Task data START

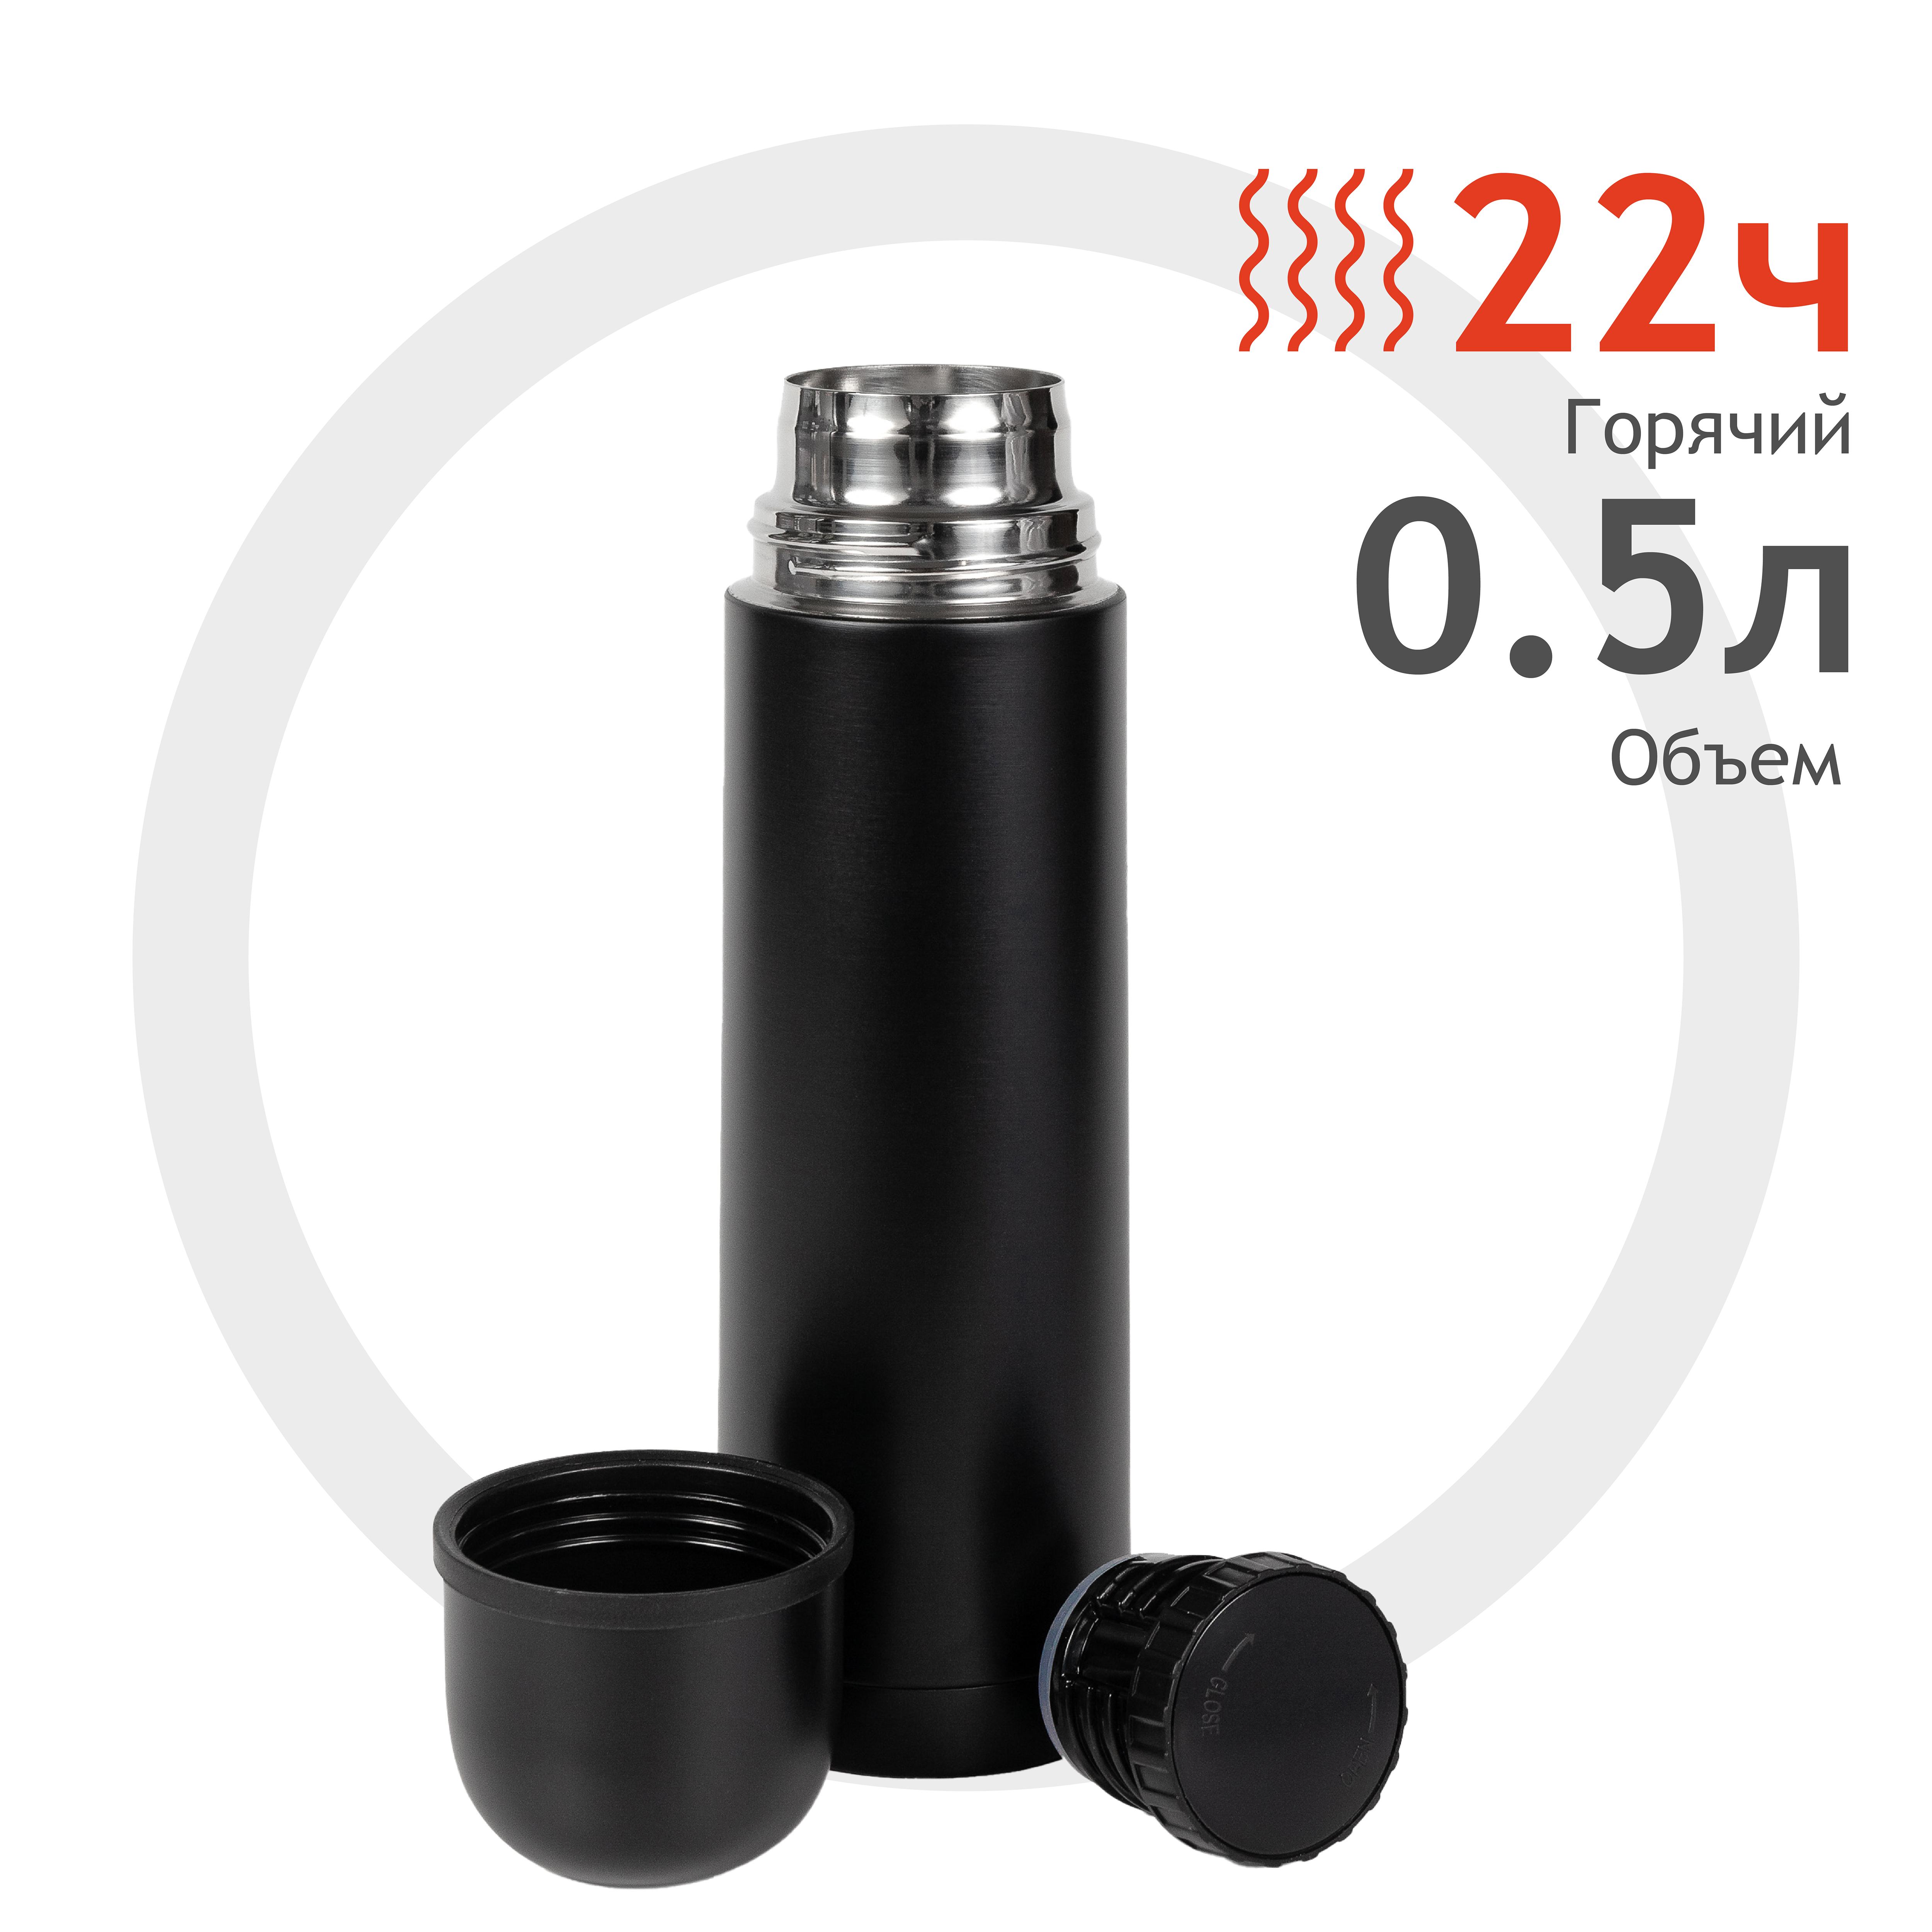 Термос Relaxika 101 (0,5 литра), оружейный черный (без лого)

Task data END
Task data START

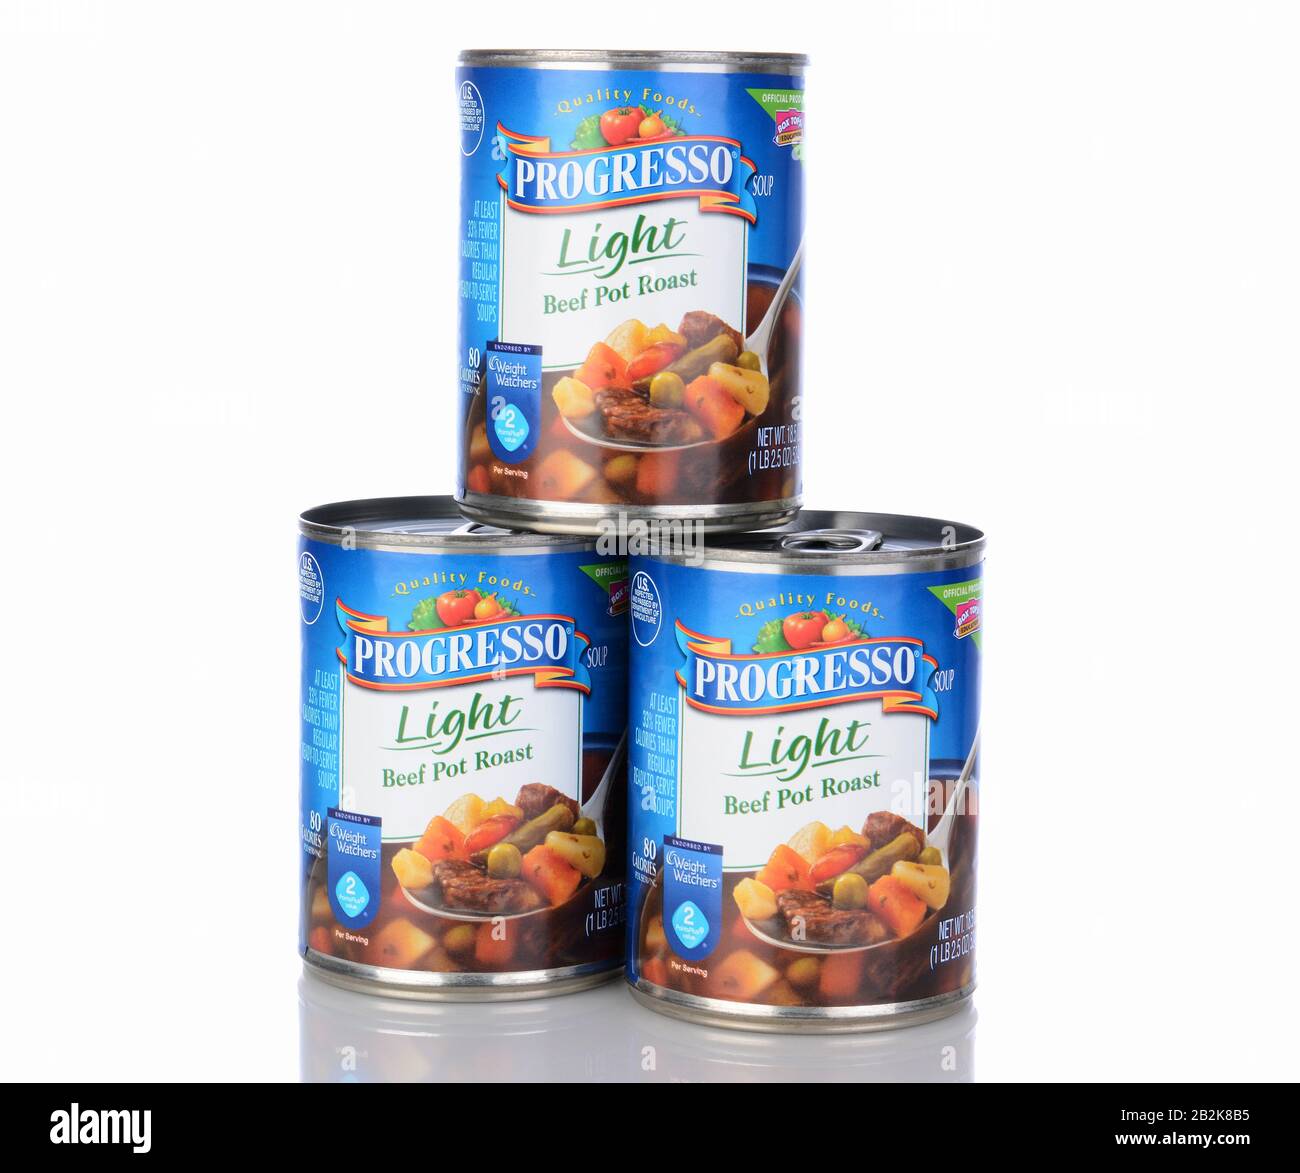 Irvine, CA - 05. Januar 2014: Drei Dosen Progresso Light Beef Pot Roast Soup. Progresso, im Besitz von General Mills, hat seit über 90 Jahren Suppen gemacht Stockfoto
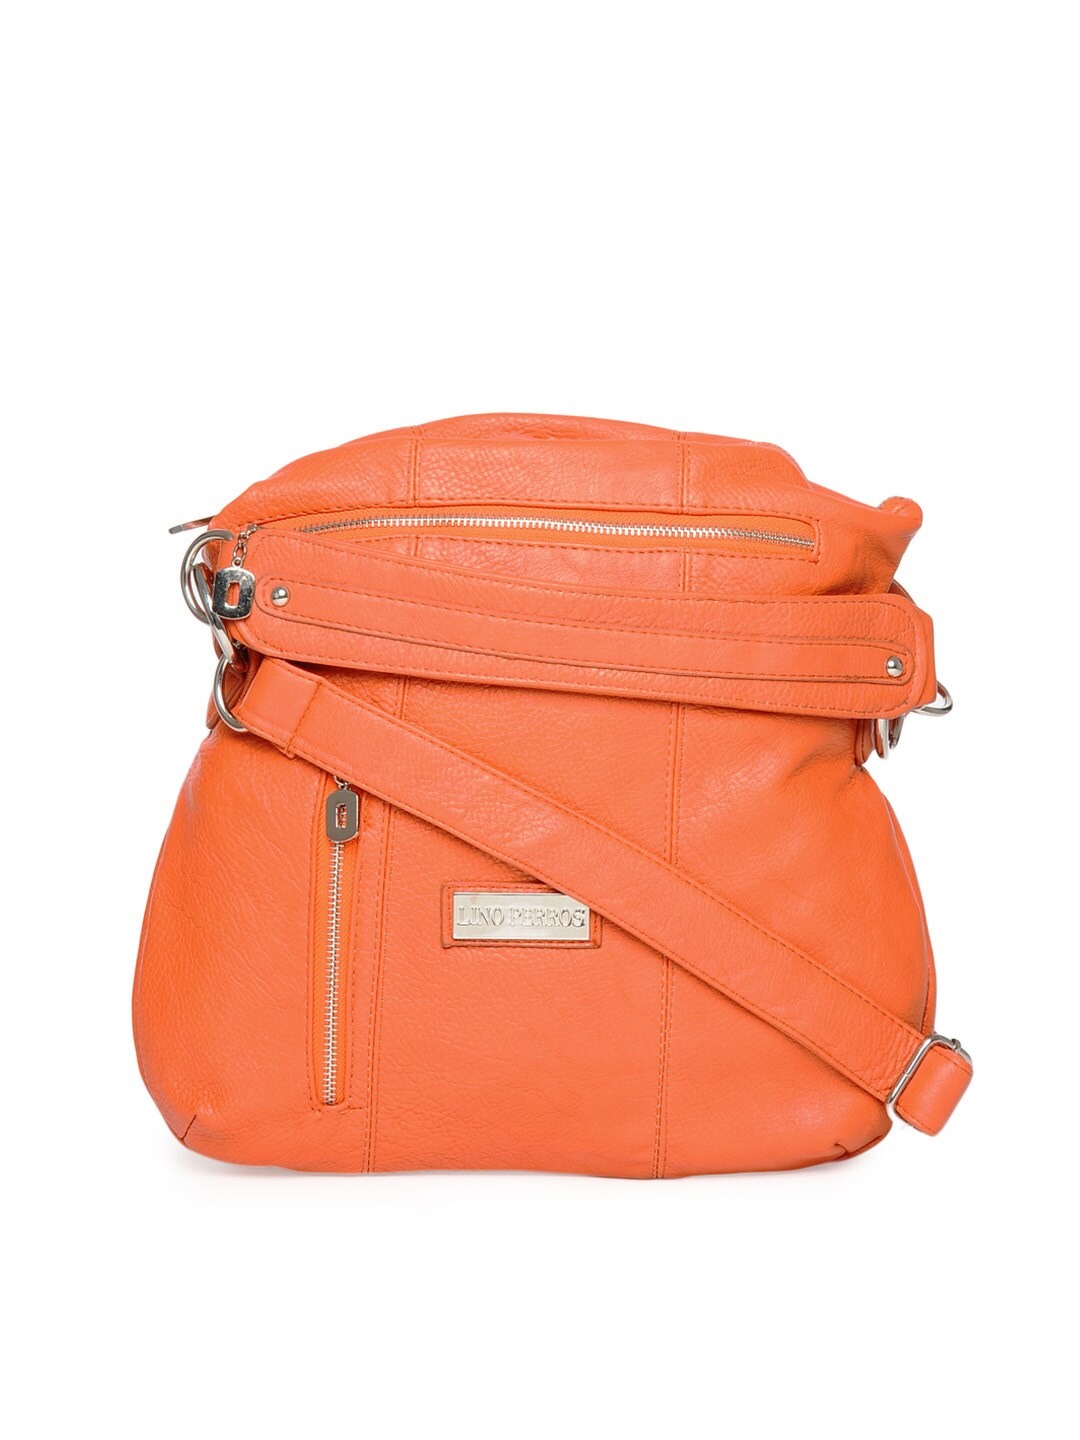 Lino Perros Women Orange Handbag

Task data END
Task data START

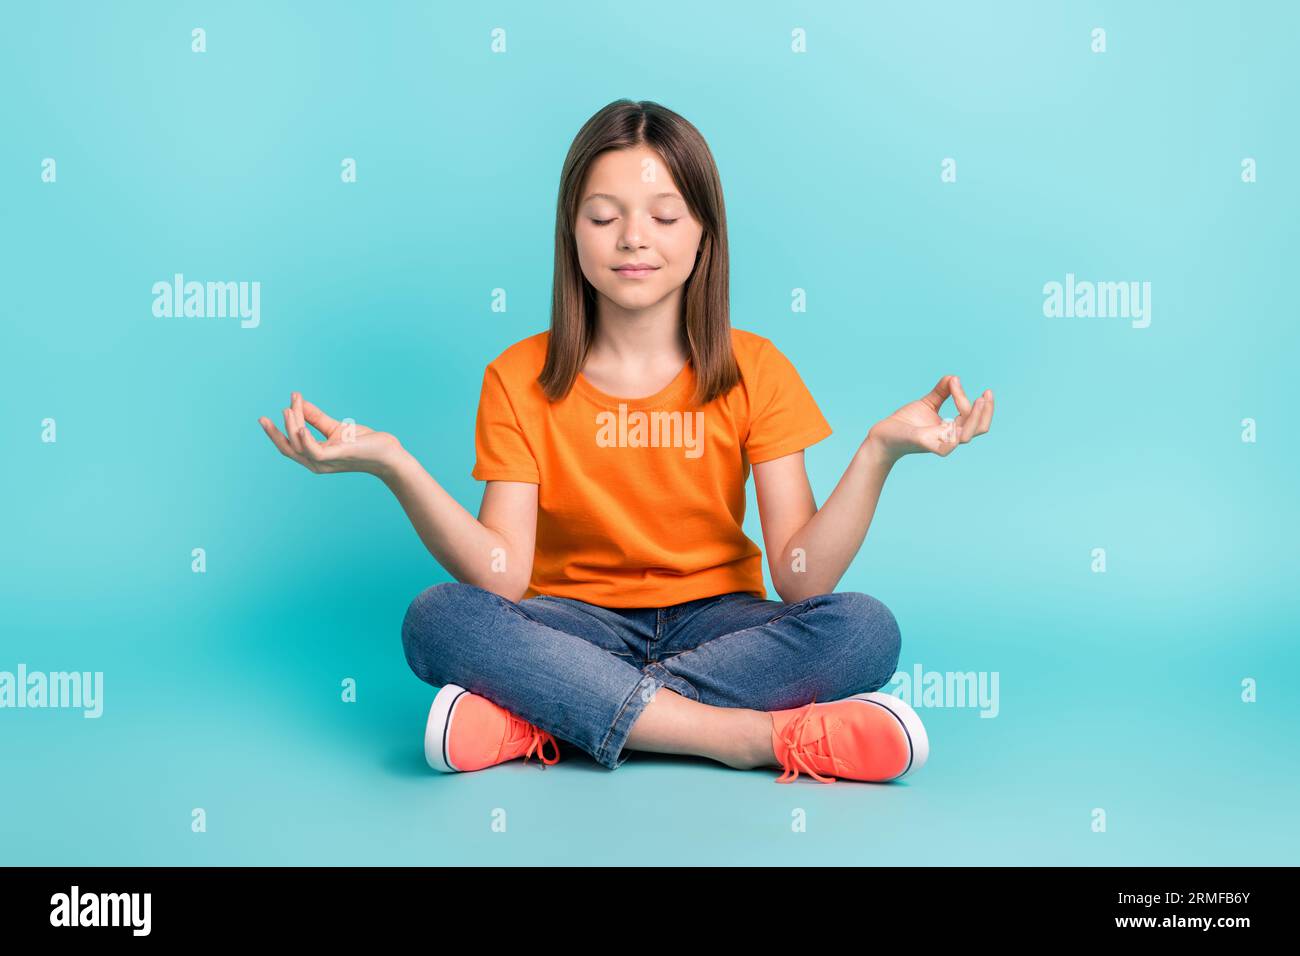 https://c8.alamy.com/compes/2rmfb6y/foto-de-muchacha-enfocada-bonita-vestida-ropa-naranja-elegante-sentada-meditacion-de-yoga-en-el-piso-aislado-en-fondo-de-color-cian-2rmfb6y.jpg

Task data END

*Required work*
Please set down, exactly and with no pictures, the lines in the entries above starting at the one holding "Irvine, CA - 05." and ending at the one holding "Lino Perros Women Orange Handbag", ends included.

*Result*
 Irvine, CA - 05. Januar 2014: Drei Dosen Progresso Light Beef Pot Roast Soup. Progresso, im Besitz von General Mills, hat seit über 90 Jahren Suppen gemacht Stockfoto
 Lino Perros Women Orange Handbag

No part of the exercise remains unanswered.